== Material provided ==

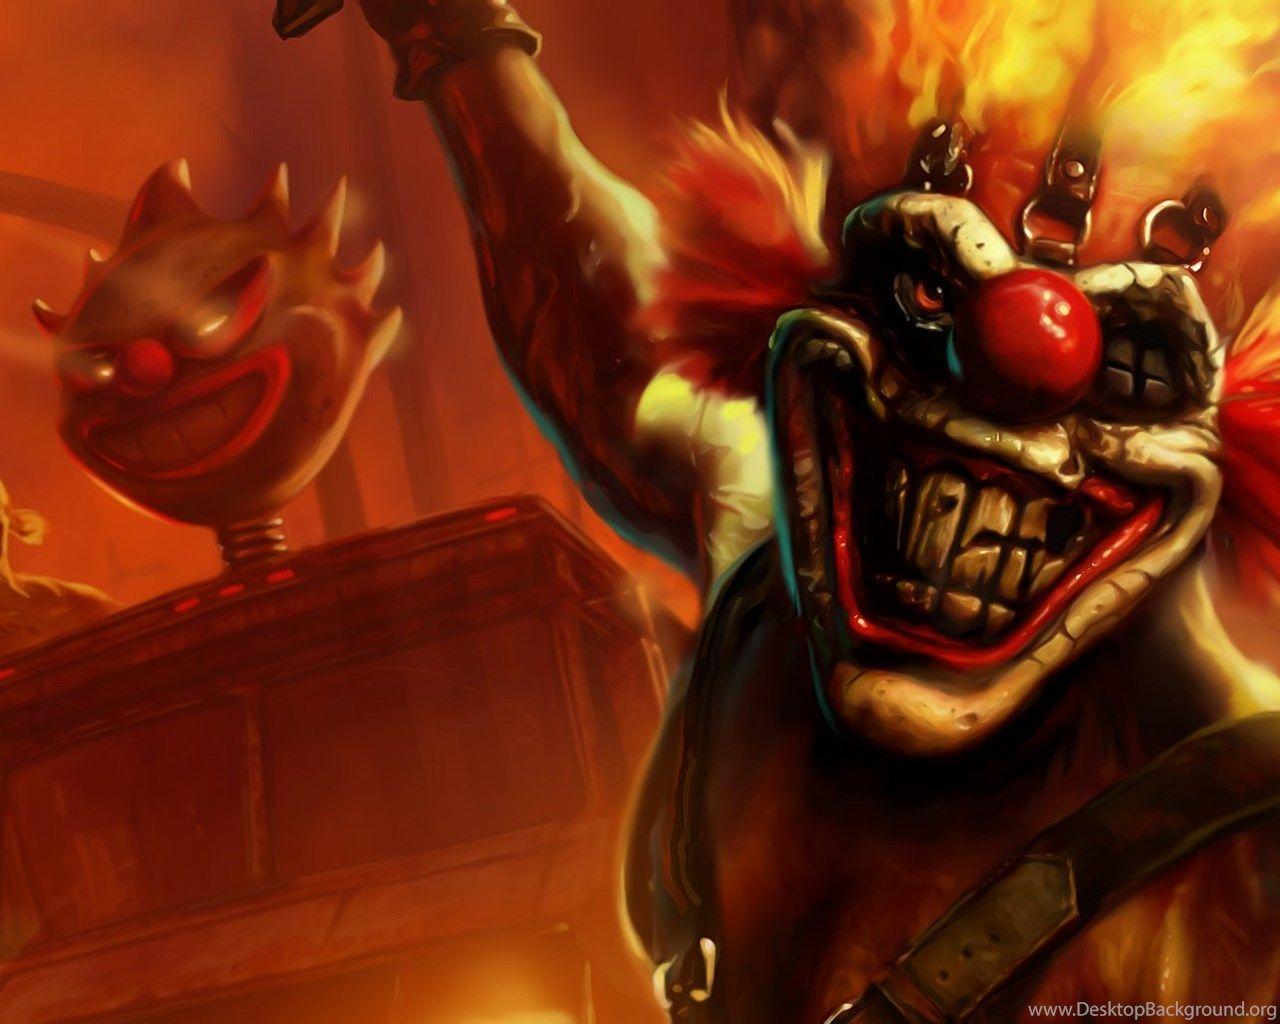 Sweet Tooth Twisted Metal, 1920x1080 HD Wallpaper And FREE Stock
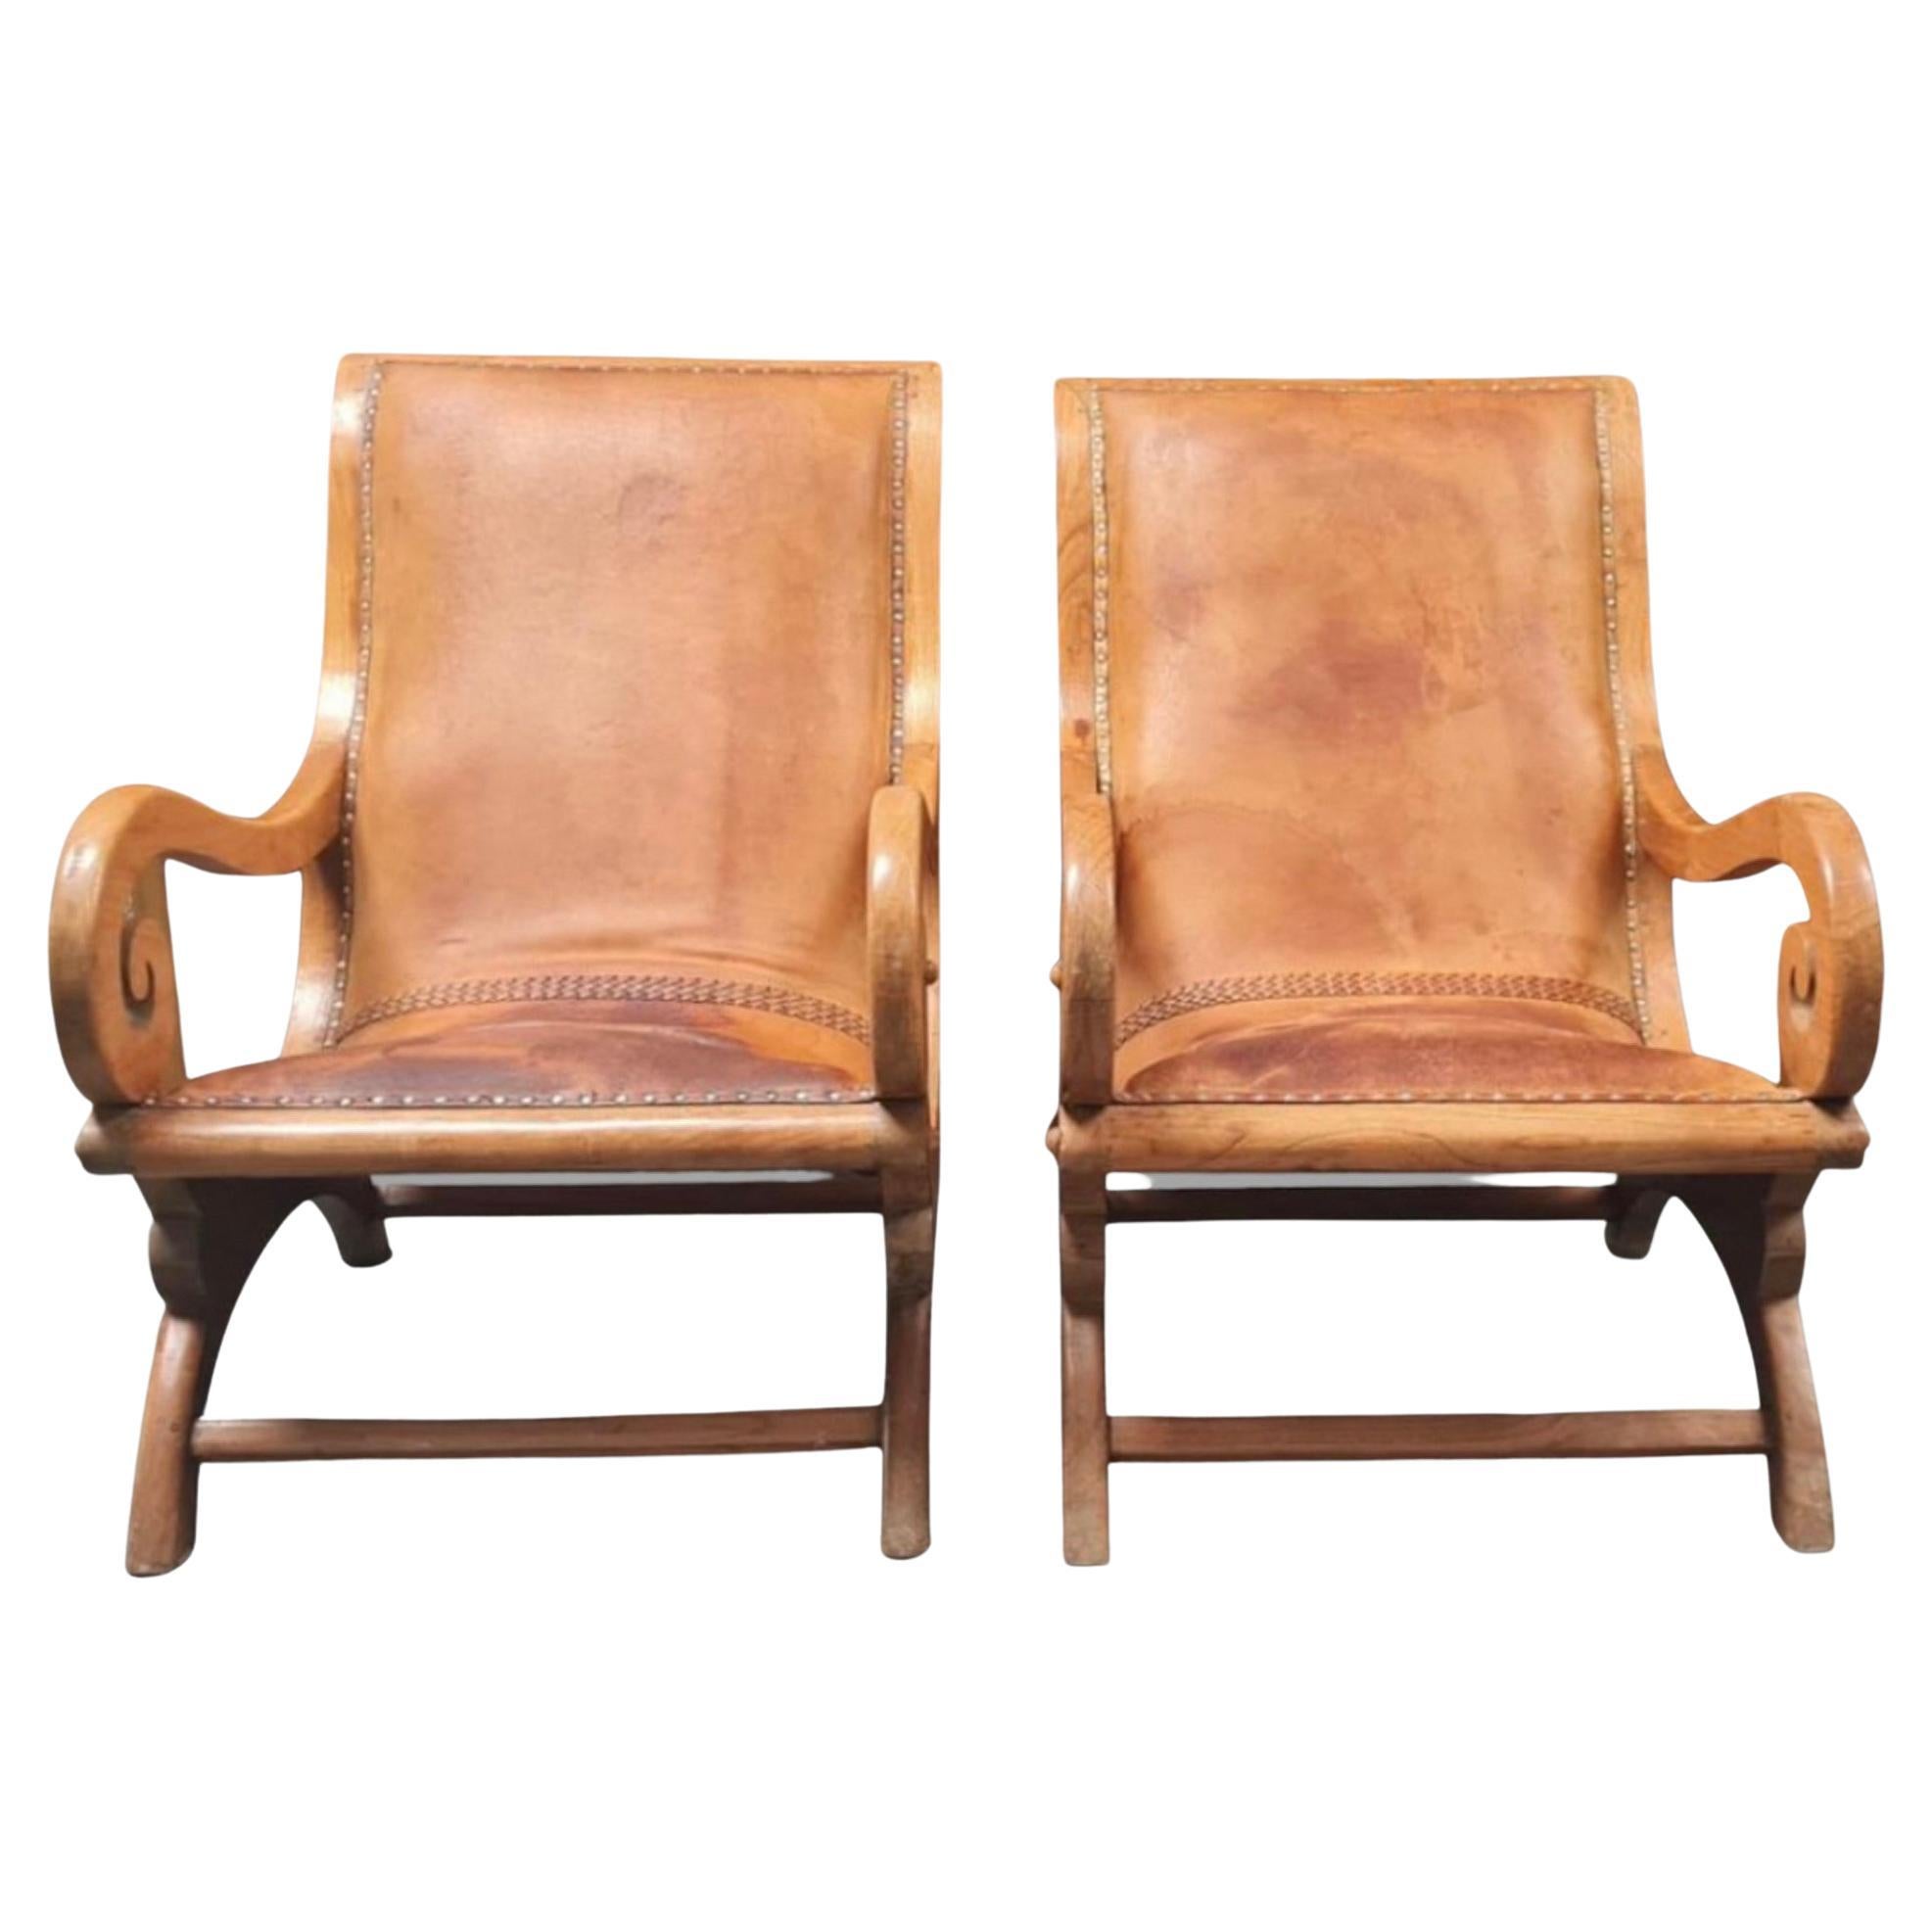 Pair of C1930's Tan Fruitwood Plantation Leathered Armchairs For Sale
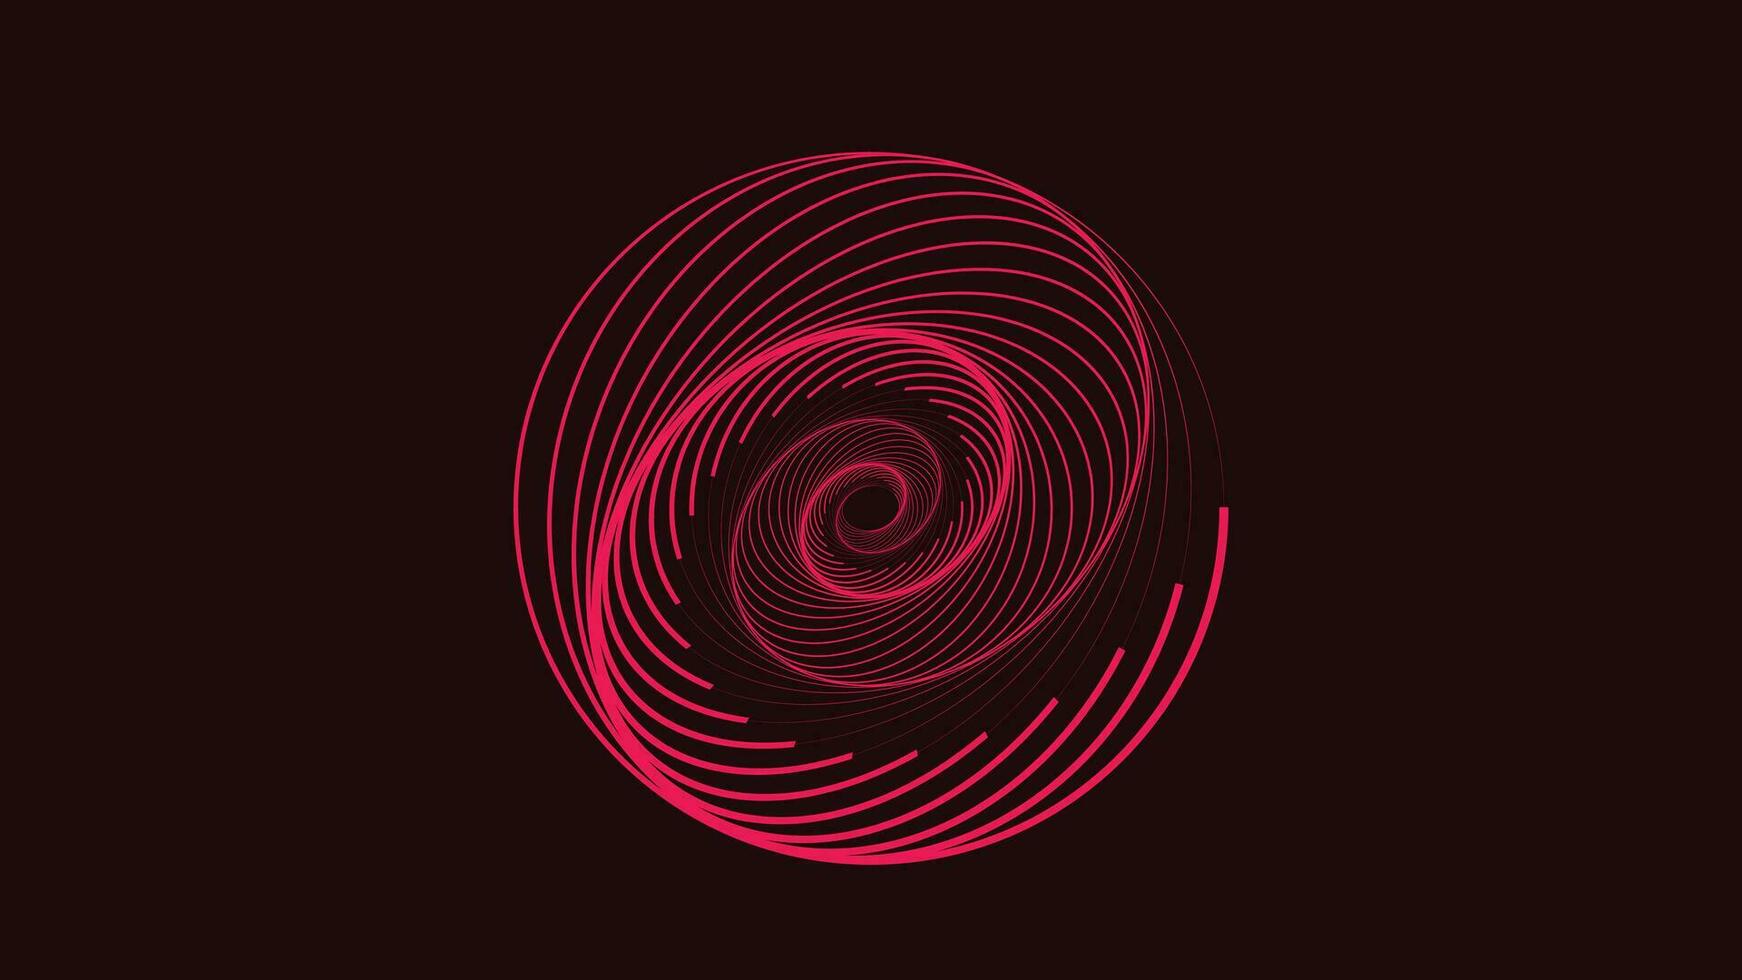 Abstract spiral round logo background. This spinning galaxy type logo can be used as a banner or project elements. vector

== What the task requires ==
Go through the data above and transcribe it in full, omitting any image.

== Your solution ==
 Sweet Tooth Twisted Metal, 1920x1080 HD Wallpaper And FREE Stock
 Pair of C1930's Tan Fruitwood Plantation Leathered Armchairs For Sale
 Abstract spiral round logo background. This spinning galaxy type logo can be used as a banner or project elements. vector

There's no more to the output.